STORED DATA START

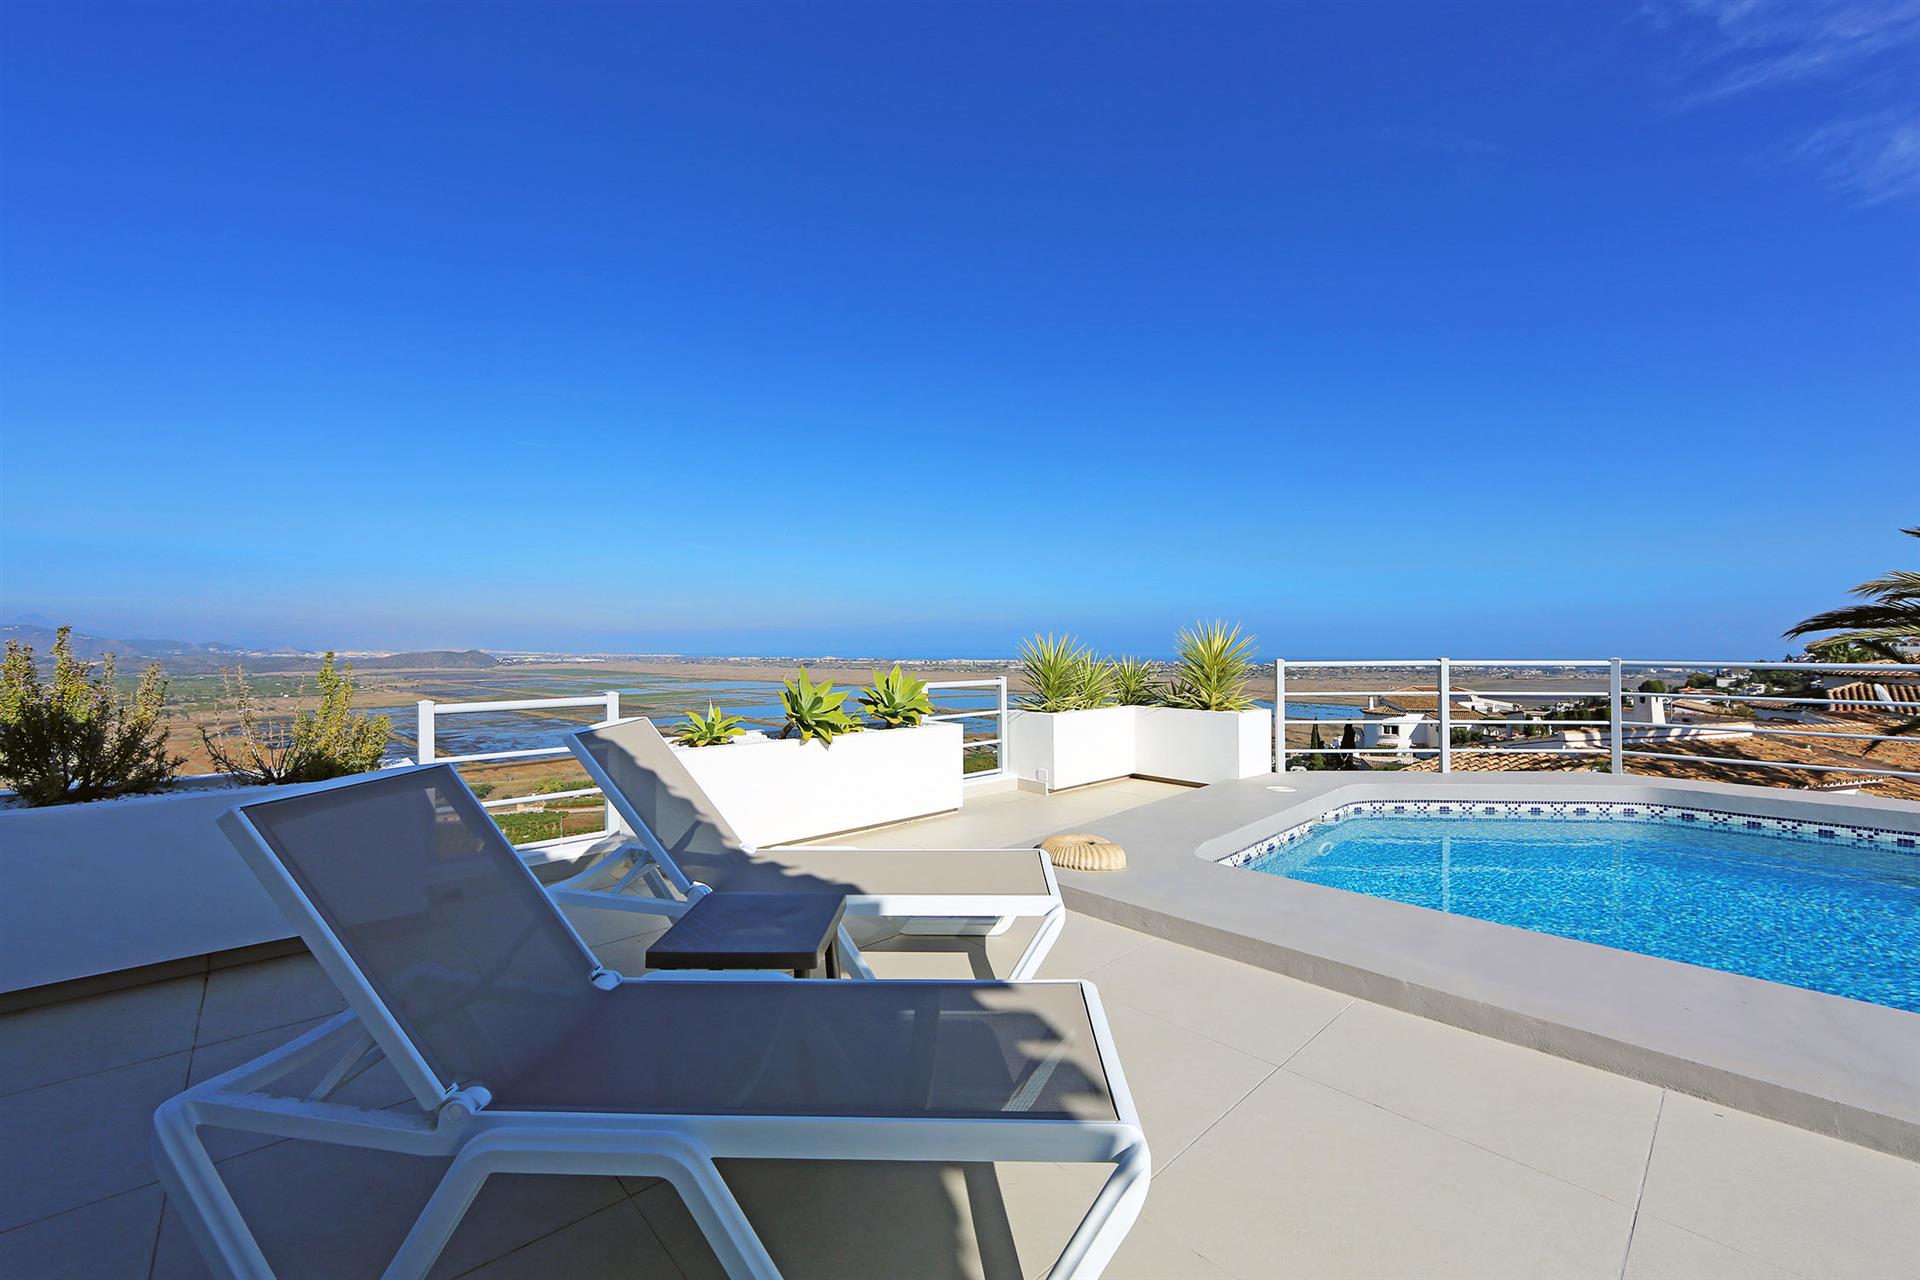 Uitzonderlijke luxe villa met panoramisch uitzicht op zee
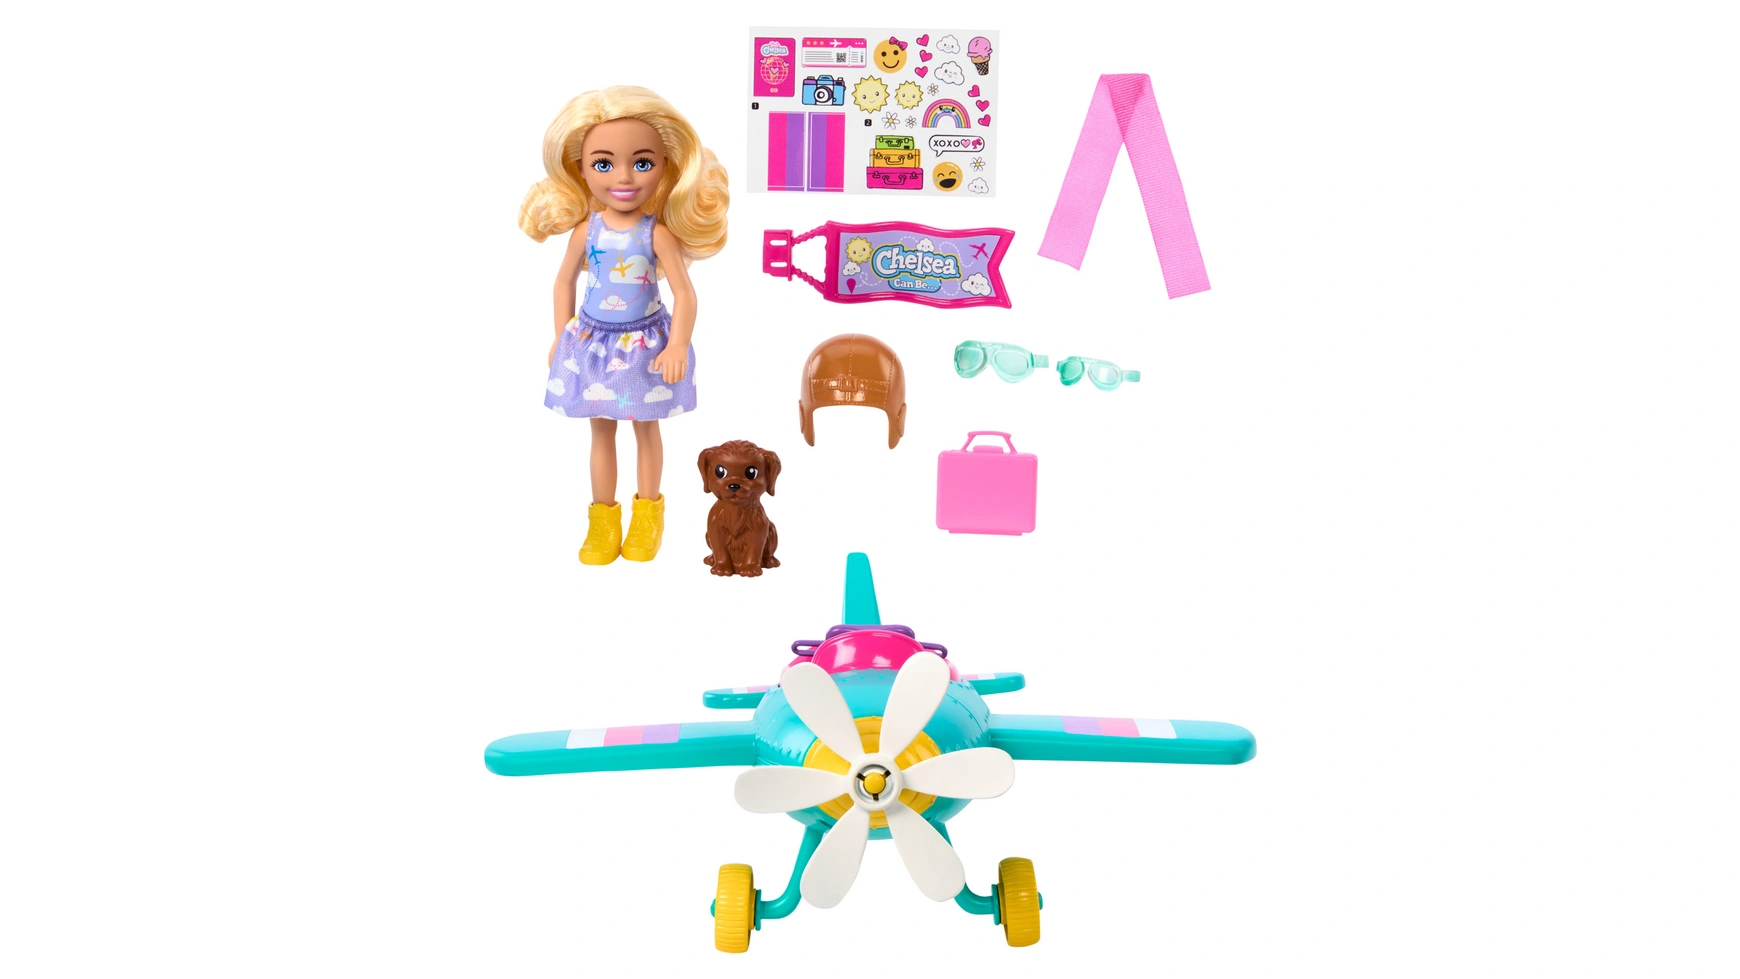 Barbie: Нью-Челси может быть самолетом
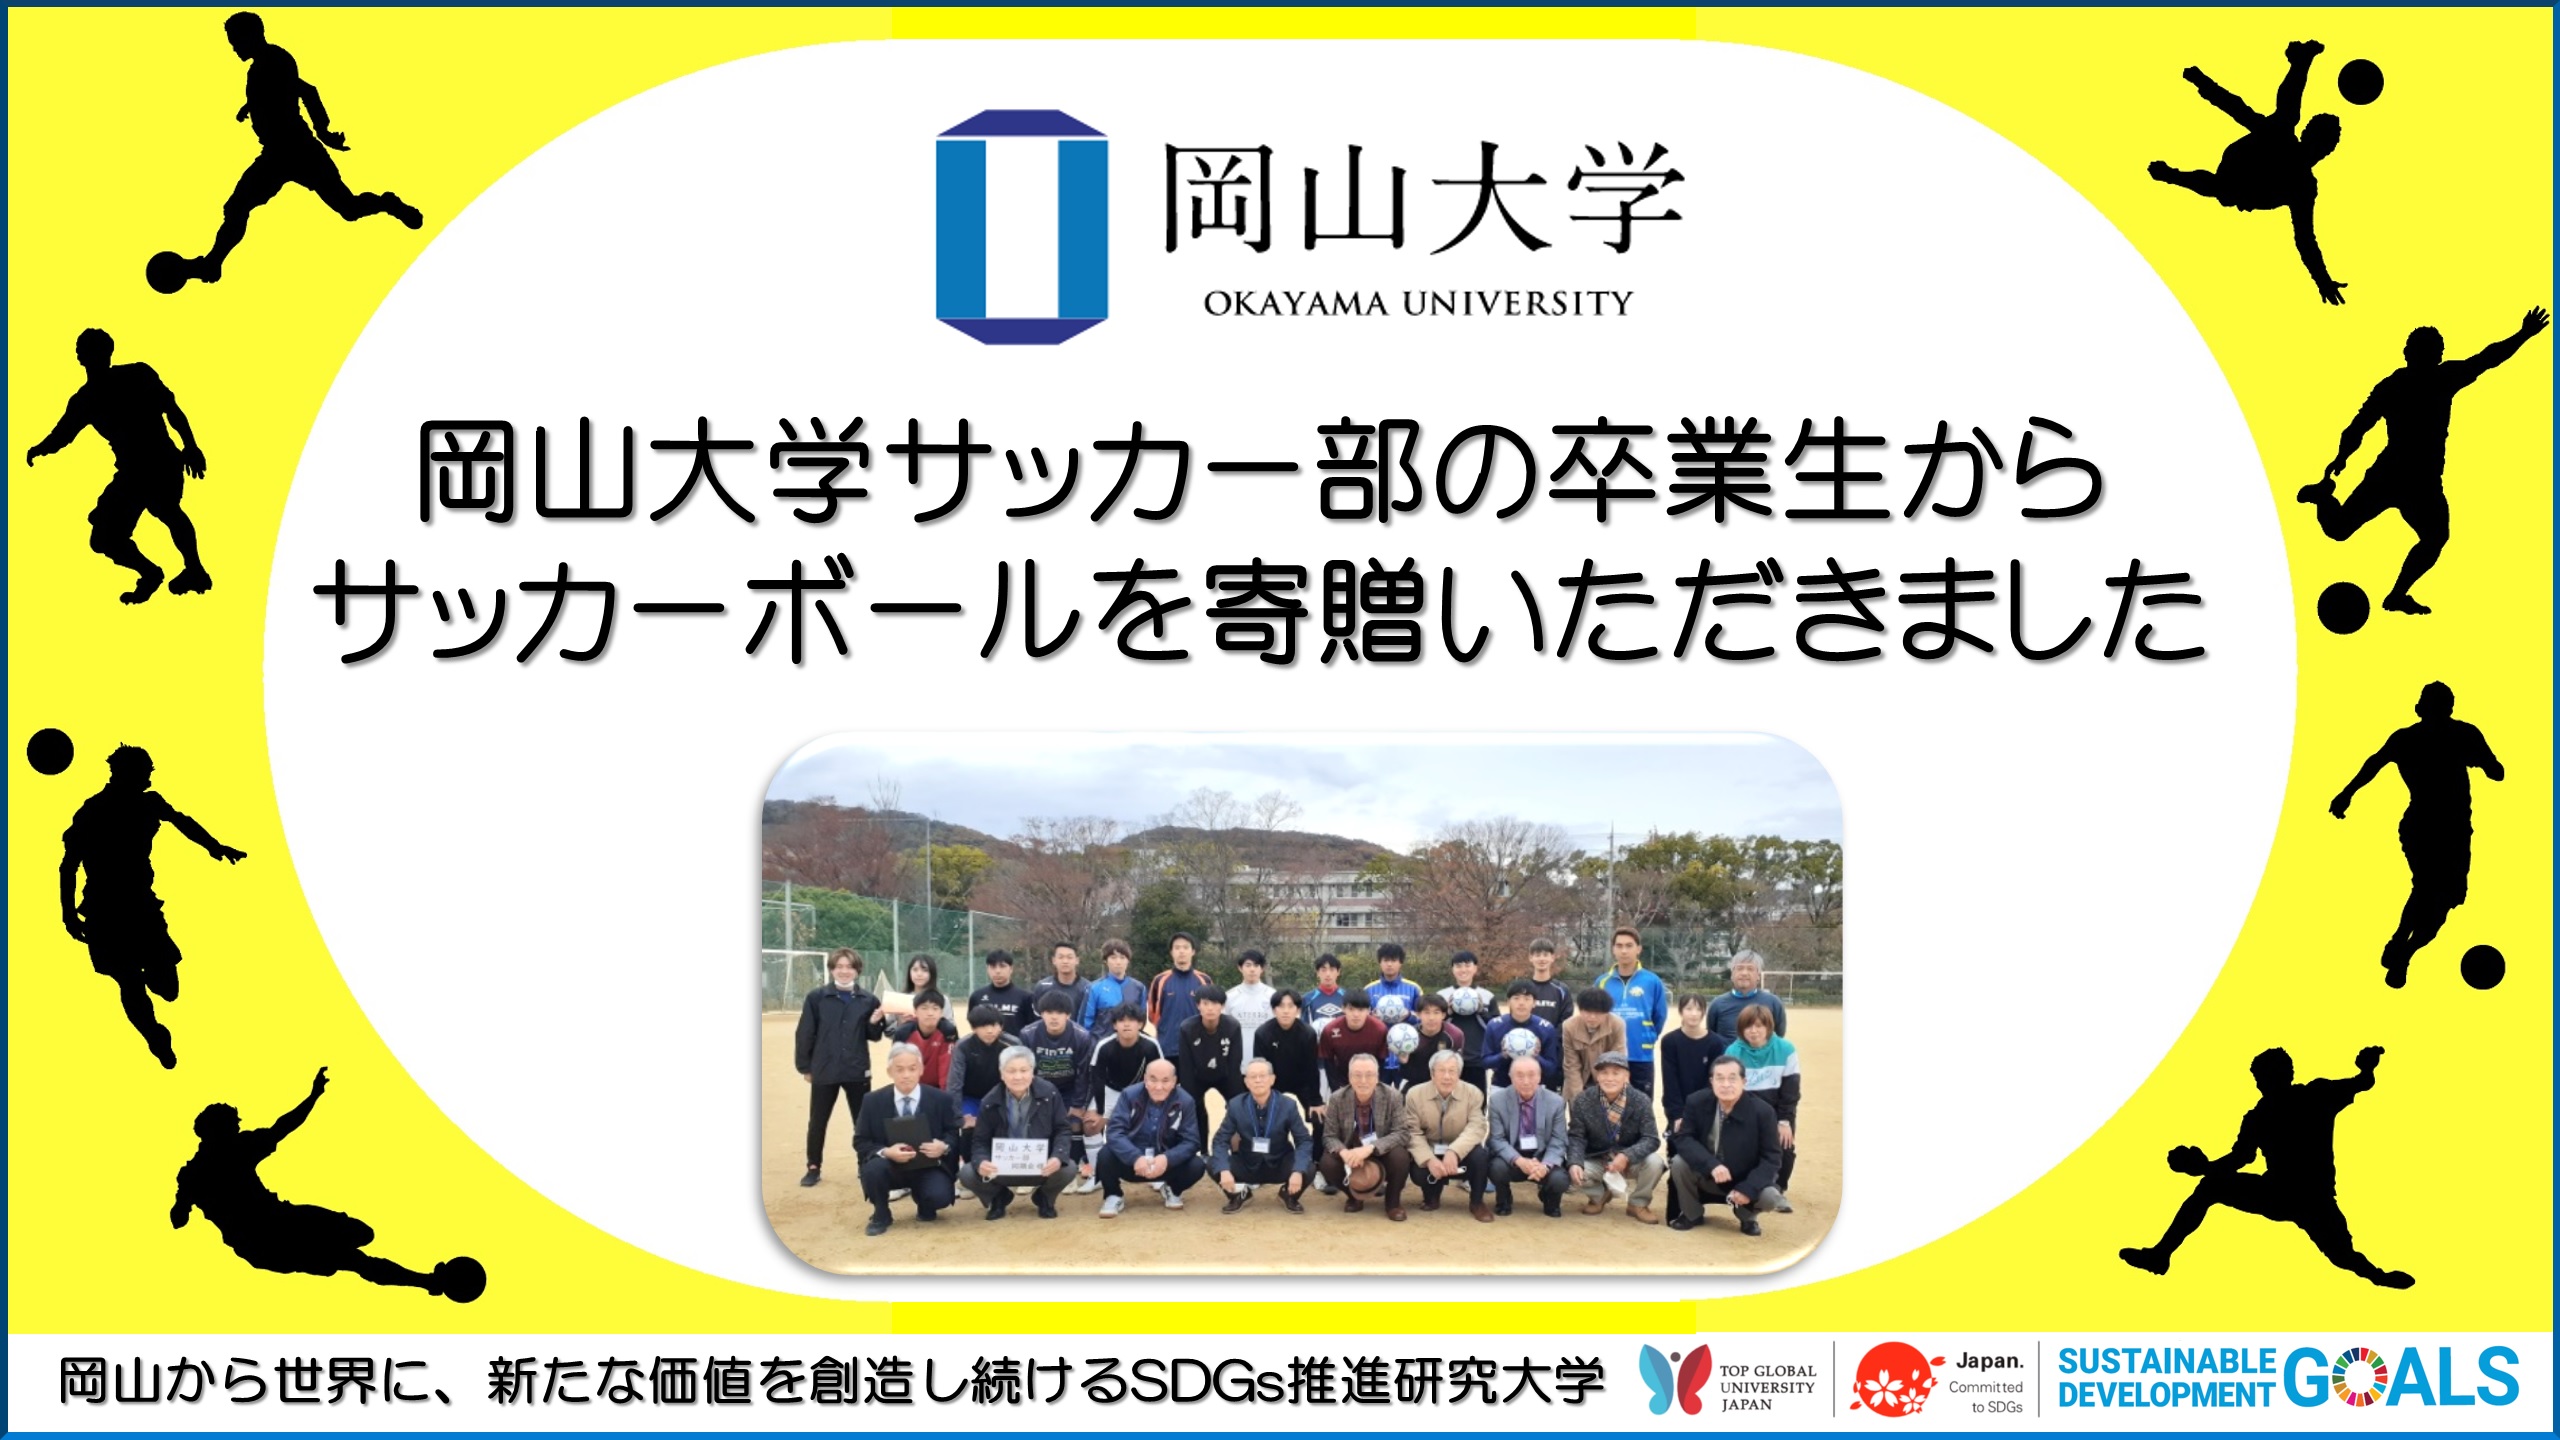 岡山大学 サッカー部の卒業生からサッカーボールを寄贈いただきました 国立大学法人岡山大学のプレスリリース
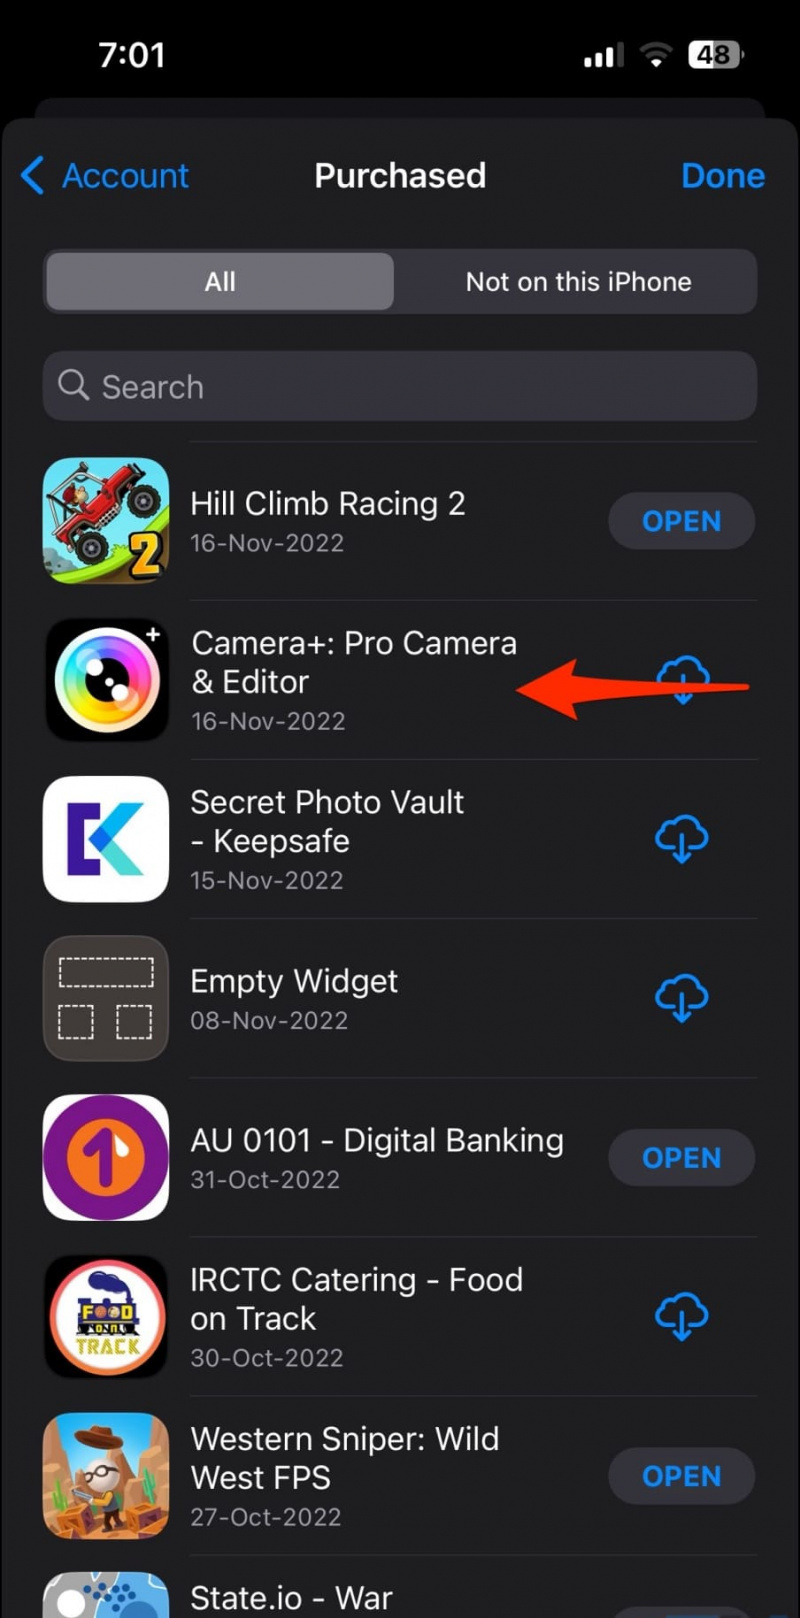   Itago ang Mga Download ng App mula sa History ng App Store

STORED DATA END

Reproduce the material above in full, images excluded.

 Uitzonderlijke luxe villa met panoramisch uitzicht op zee
 Barbie: Нью-Челси может быть самолетом
 岡山大学 サッカー部の卒業生からサッカーボールを寄贈いただきました 国立大学法人岡山大学のプレスリリース
   Itago ang Mga Download ng App mula sa History ng App Store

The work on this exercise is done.